WORK ORDER:
Every line below is to be copied exactly, with the pictures left out.

INFORMATION SUPPLIED:

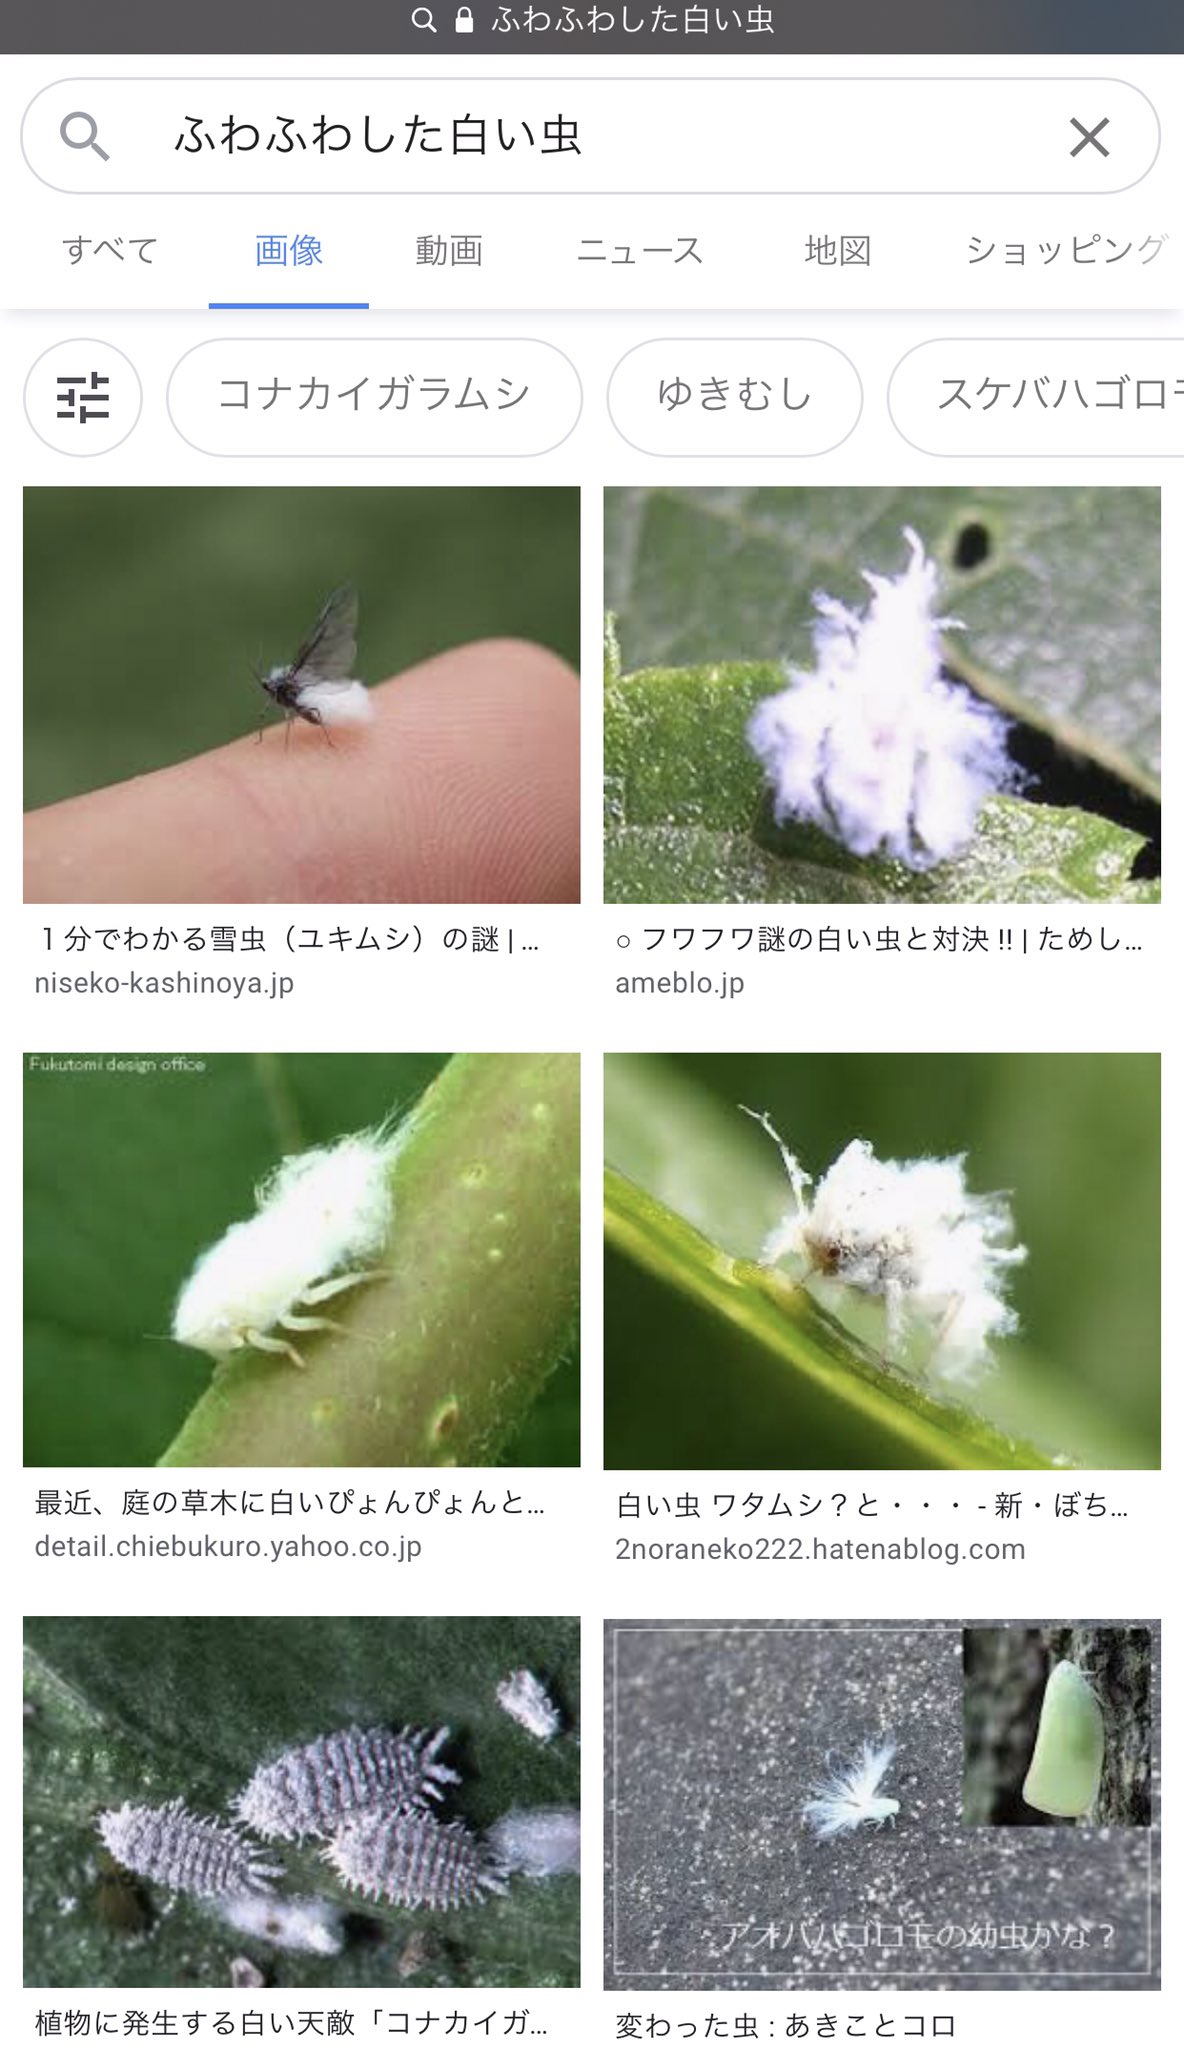 Twitter 上的 赤松崇麿 Akamatsu Takamaro そういえば日中 白いふわふわした小さな虫が何匹も飛んでいたなと思って ふわふわした白い虫 でググったら 思ったほど可愛くなかった T Co Wvcmfsolar Twitter
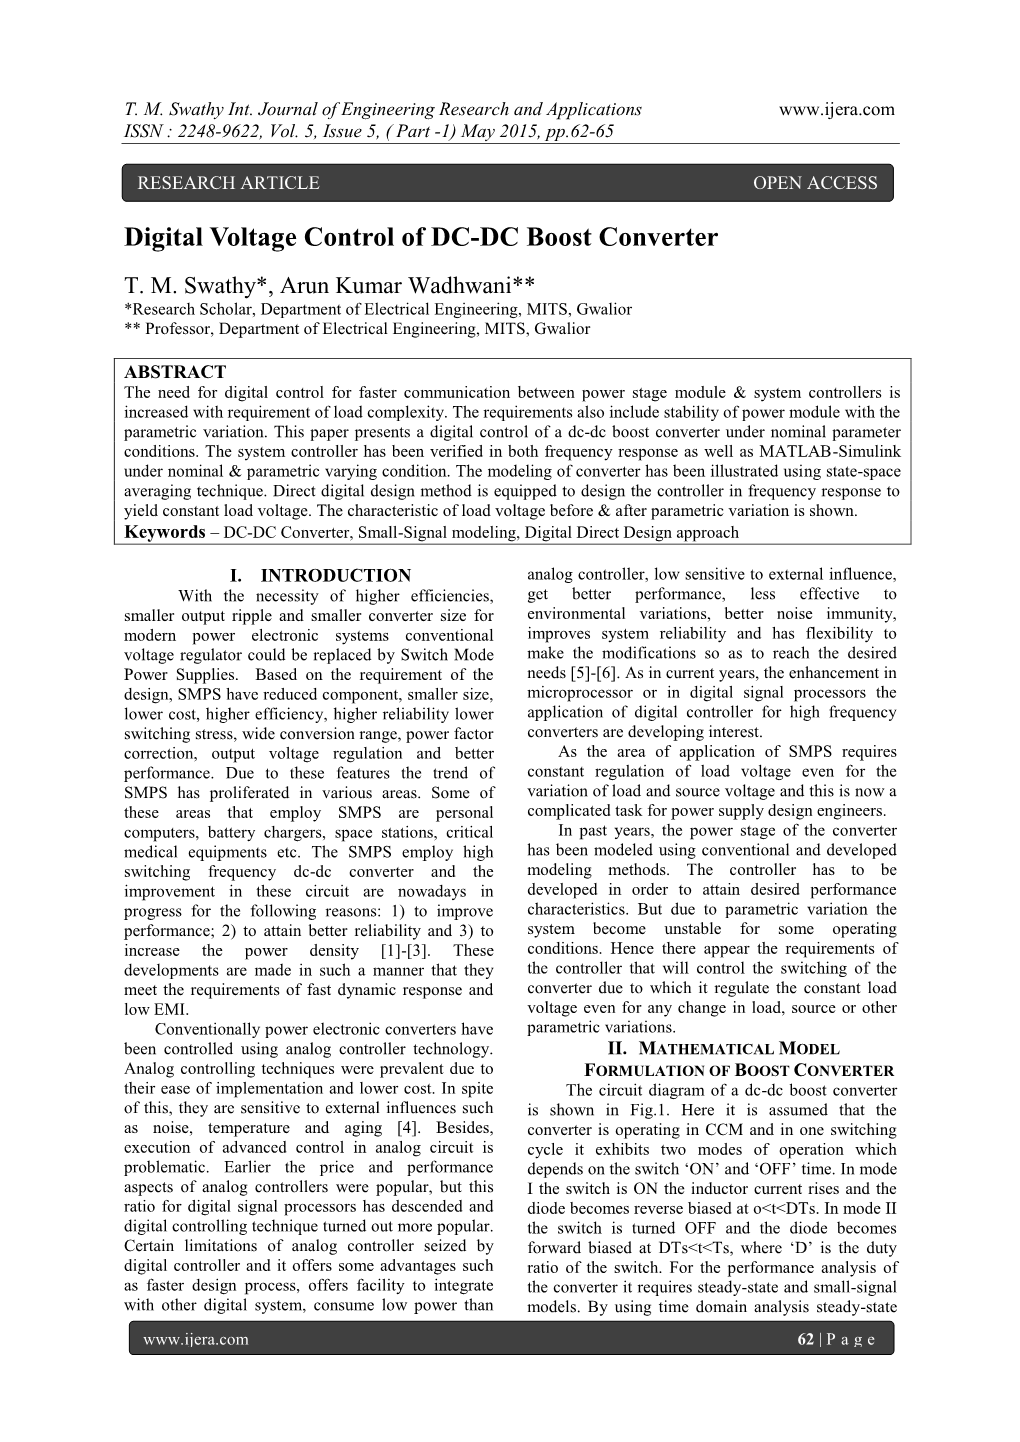 Digital Voltage Control of DC-DC Boost Converter
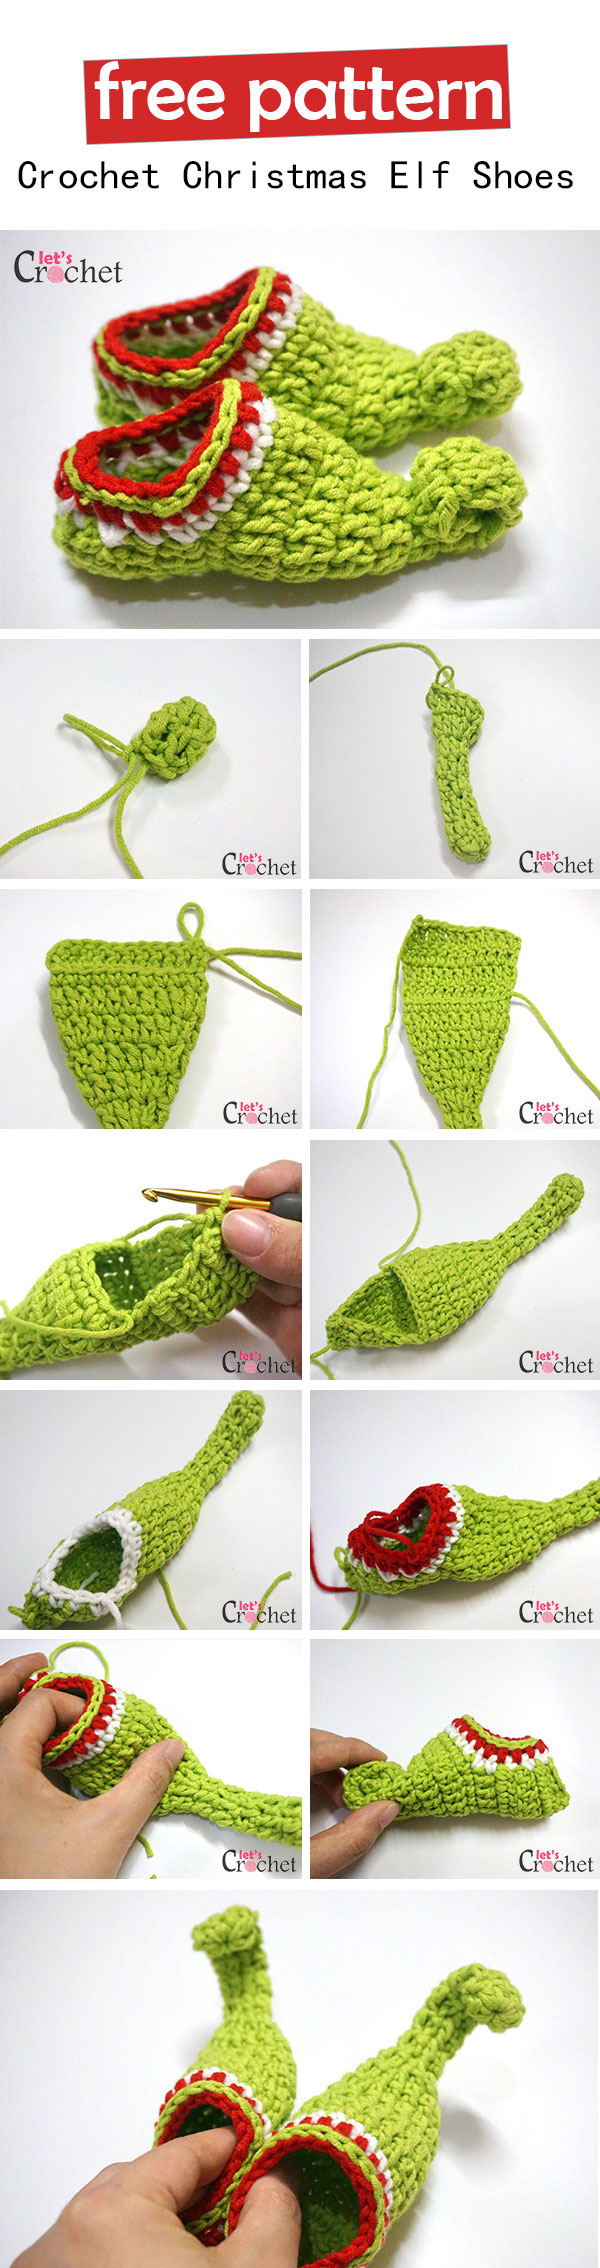 Christmas Elf Shoes free crochet pattern For Kids
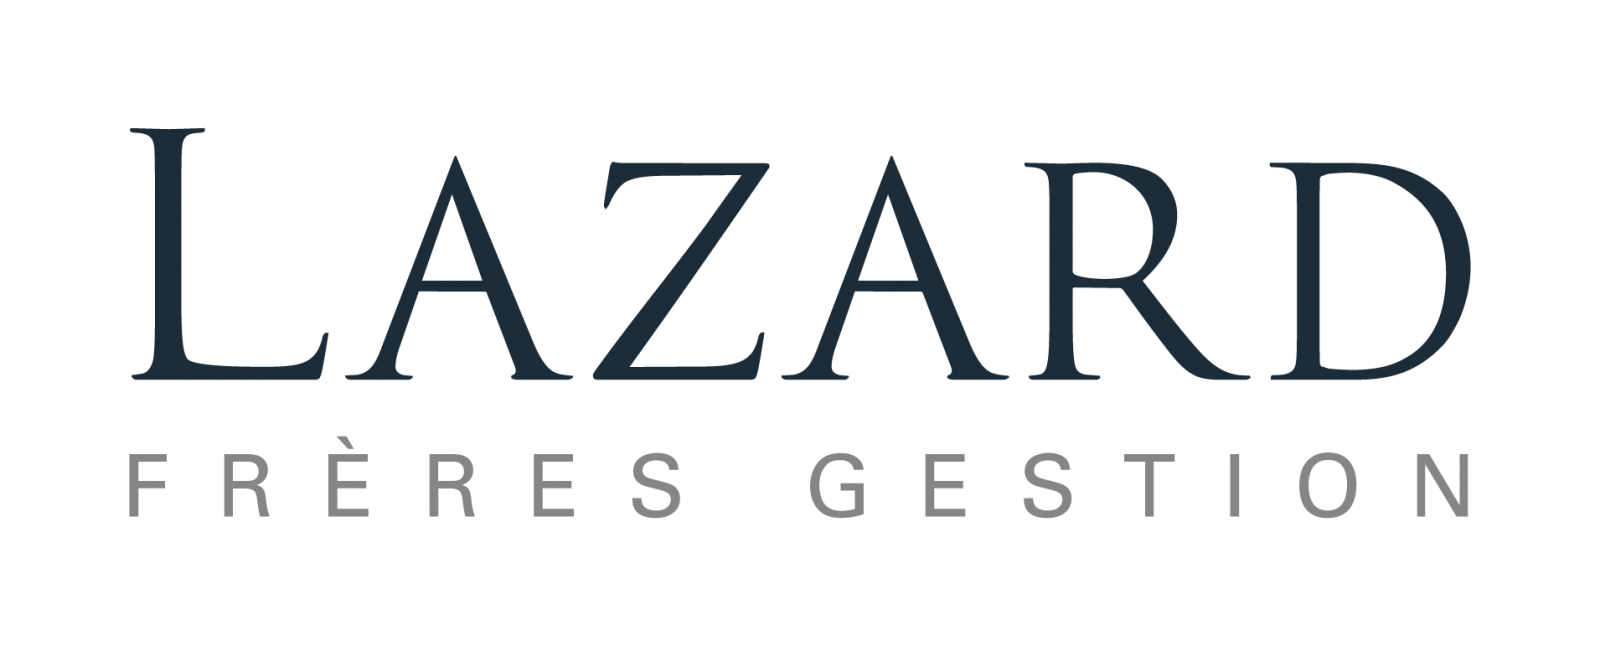 Logo de Lazard FrÃ¨res Gestion

THE ANSWER:
 Twitter 上的 赤松崇麿 Akamatsu Takamaro そういえば日中 白いふわふわした小さな虫が何匹も飛んでいたなと思って ふわふわした白い虫 でググったら 思ったほど可愛くなかった T Co Wvcmfsolar Twitter
 Digital Voltage Control of DC-DC Boost Converter
 Christmas Elf Shoes free crochet pattern For Kids
 Logo de Lazard FrÃ¨res Gestion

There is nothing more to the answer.